Chemical analyses of diet, freeze-dried pasture and breast muscles

The dry matter of the diet, freeze-dried pasture and breast muscles was determined by drying the samples in an oven at 105 °C to a constant weight. The ash content was determined after combustion of samples in a muffle furnace at 500 °C for 12 h. The ether extract was obtained by extraction with petroleum ether according to the Soxhlet method in a Soxtec 1043 apparatus (FOSS Tecator AB, Höganäs, Sweden), and the protein content was detected using the Kjeldahl method on a Kjeltec Auto 1030 Analyser (Tecator, Höganäs, Sweden).

The concentrations of lutein and zeaxanthin in the samples were measured by high-performance liquid chromatography (HPLC) according to a modified method of Froescheis et al. (2000). The HPLC instrument (VP series; Shimadzu, Kyoto, Japan) was equipped with a diode array detector. A Kinetex C18 column (100 × 4.6 mm; 2.6 µm; Phenomenex, Torrance, CA) was used. A gradient system was applied with acetonitrile:water:ethyl acetate (88:10:2) as eluent A and acetonitrile:water:ethyl acetate (88:0:15) as eluent B.
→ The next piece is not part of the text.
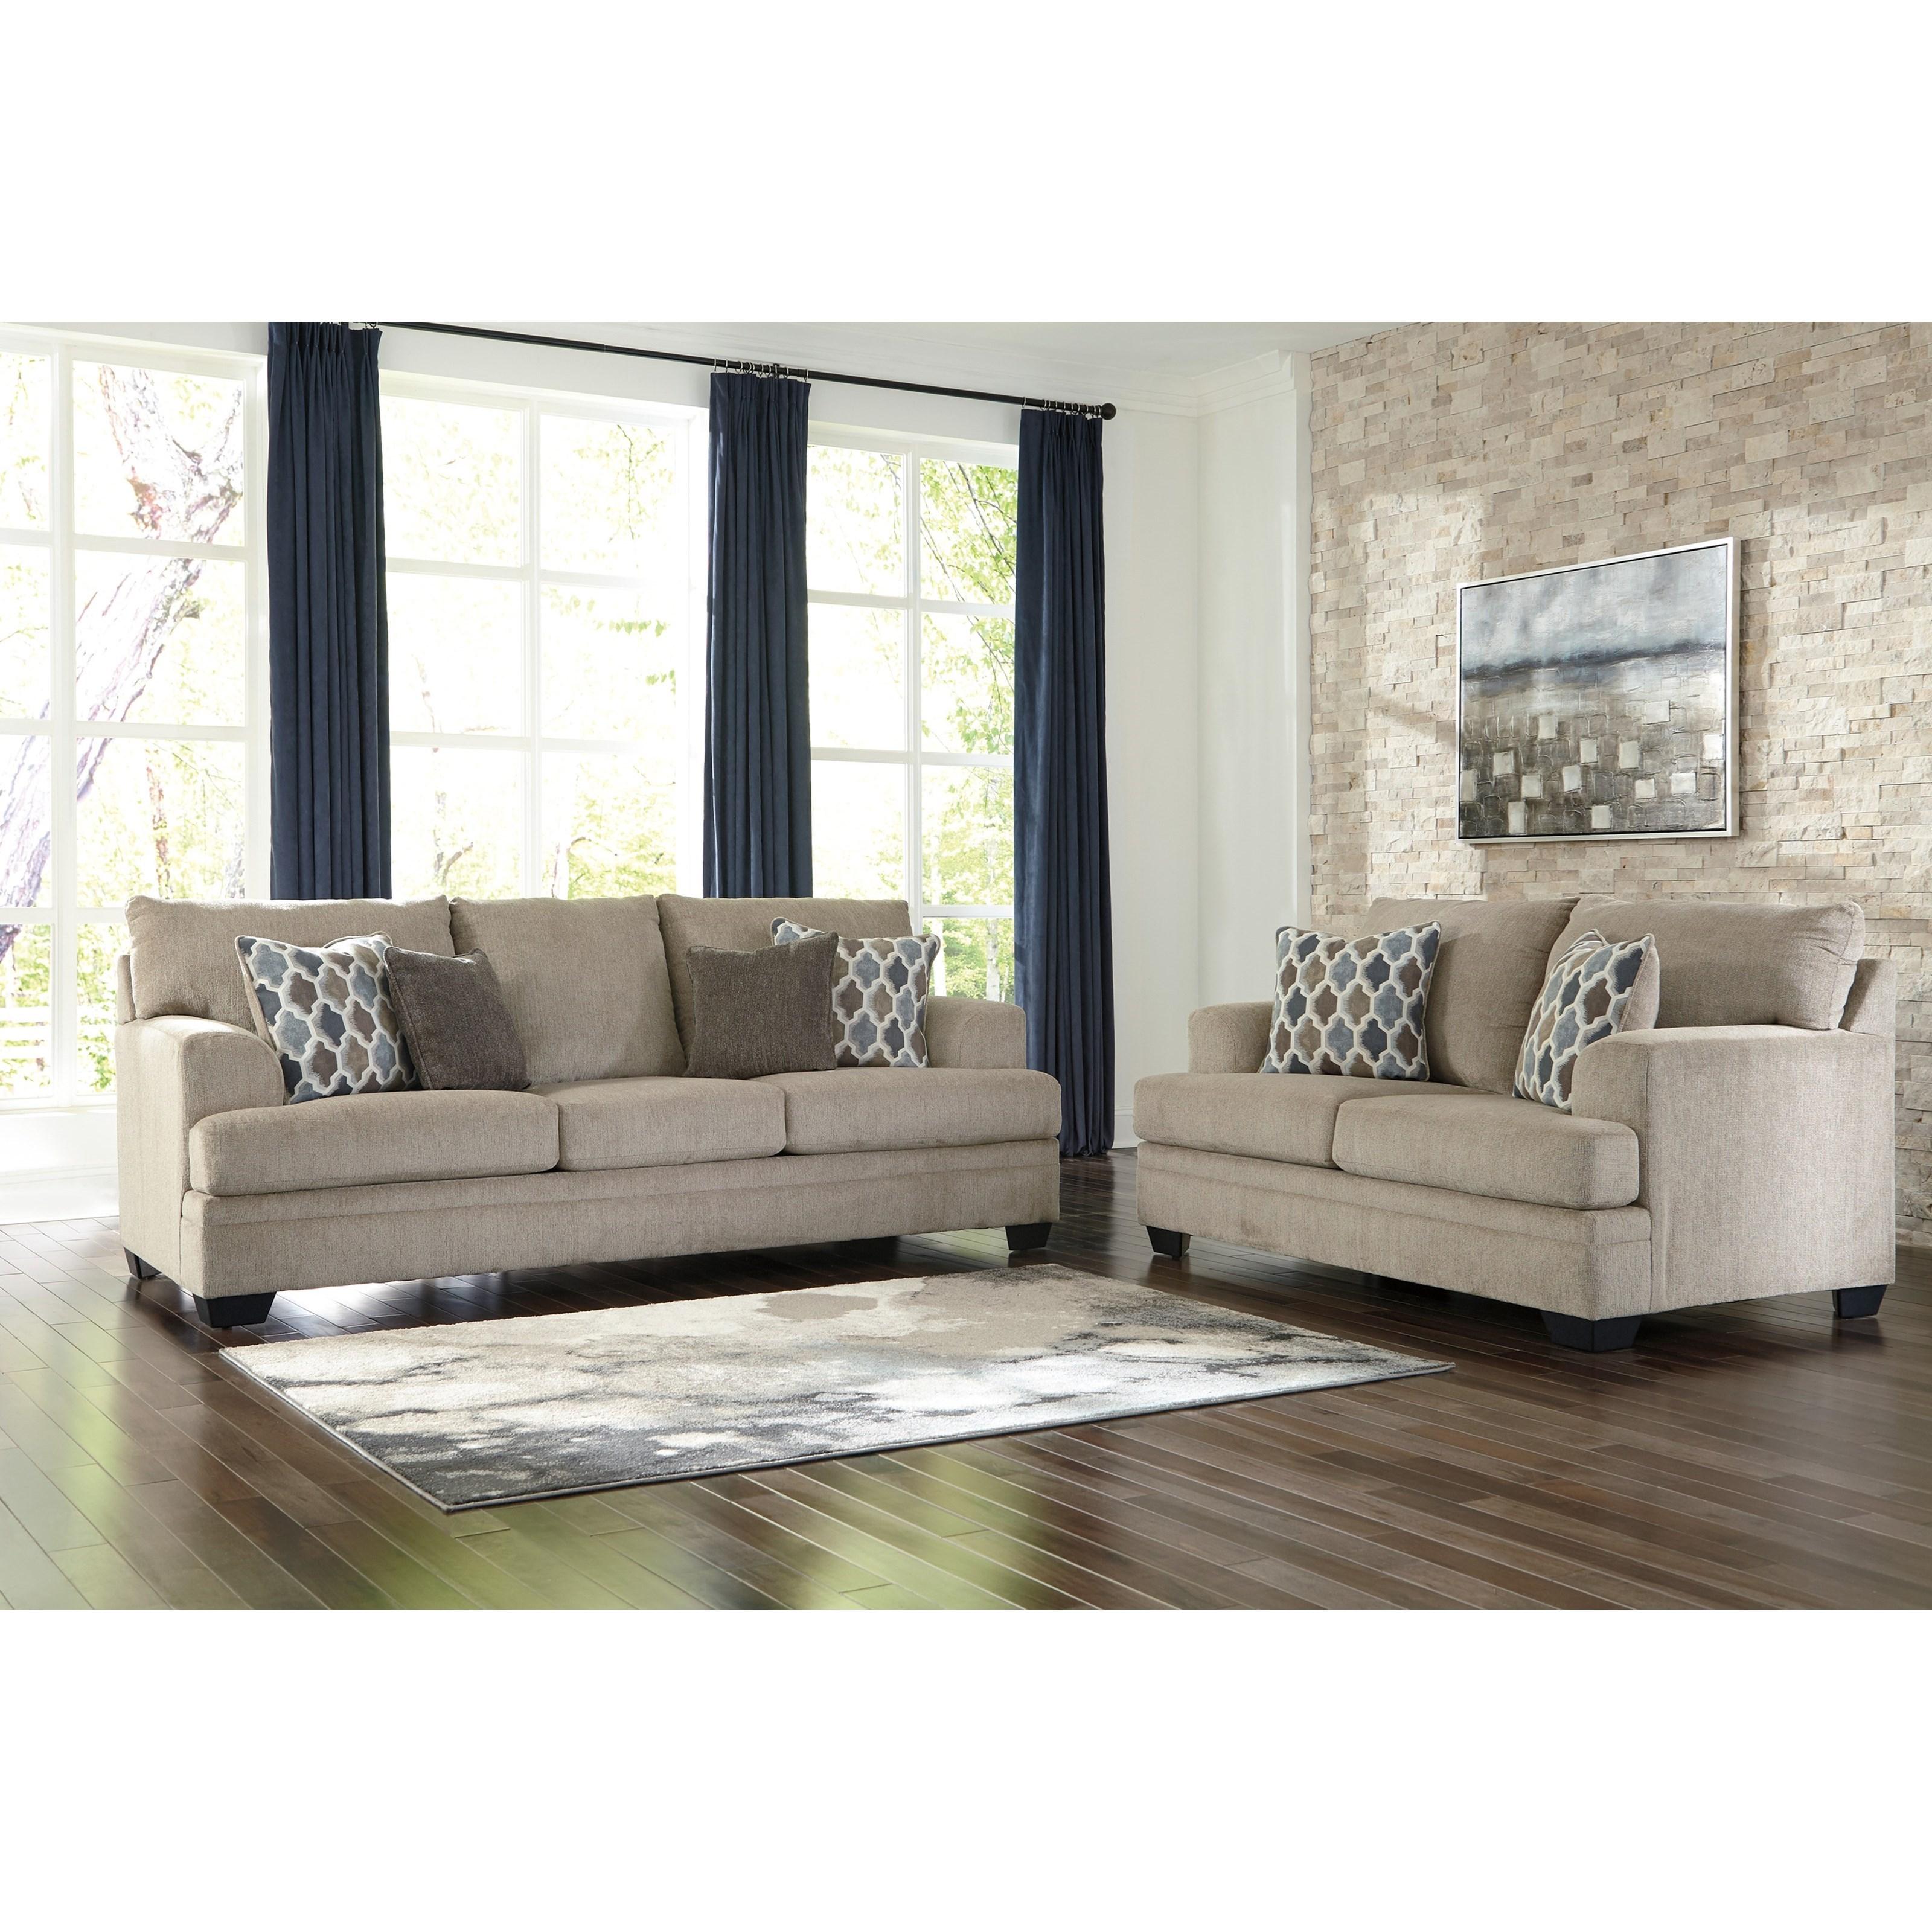 Ashley Furniture Calion Stationary Living Room Group: Ashley Signature Design Dorsten Stationary Living Room

The α-tocopherol, γ-tocopherol and retinol contents were analysed in accordance with the European standards EN 12822 (2000) and EN 12823-1 (2000), respectively, by a Shimadzu HPLC system (VP series; Shimadzu, Kyoto, Japan) equipped with a diode array detector. The samples were subjected to alkaline saponification with 60% potassium hydroxide followed by the appropriate extraction with diethyl ether.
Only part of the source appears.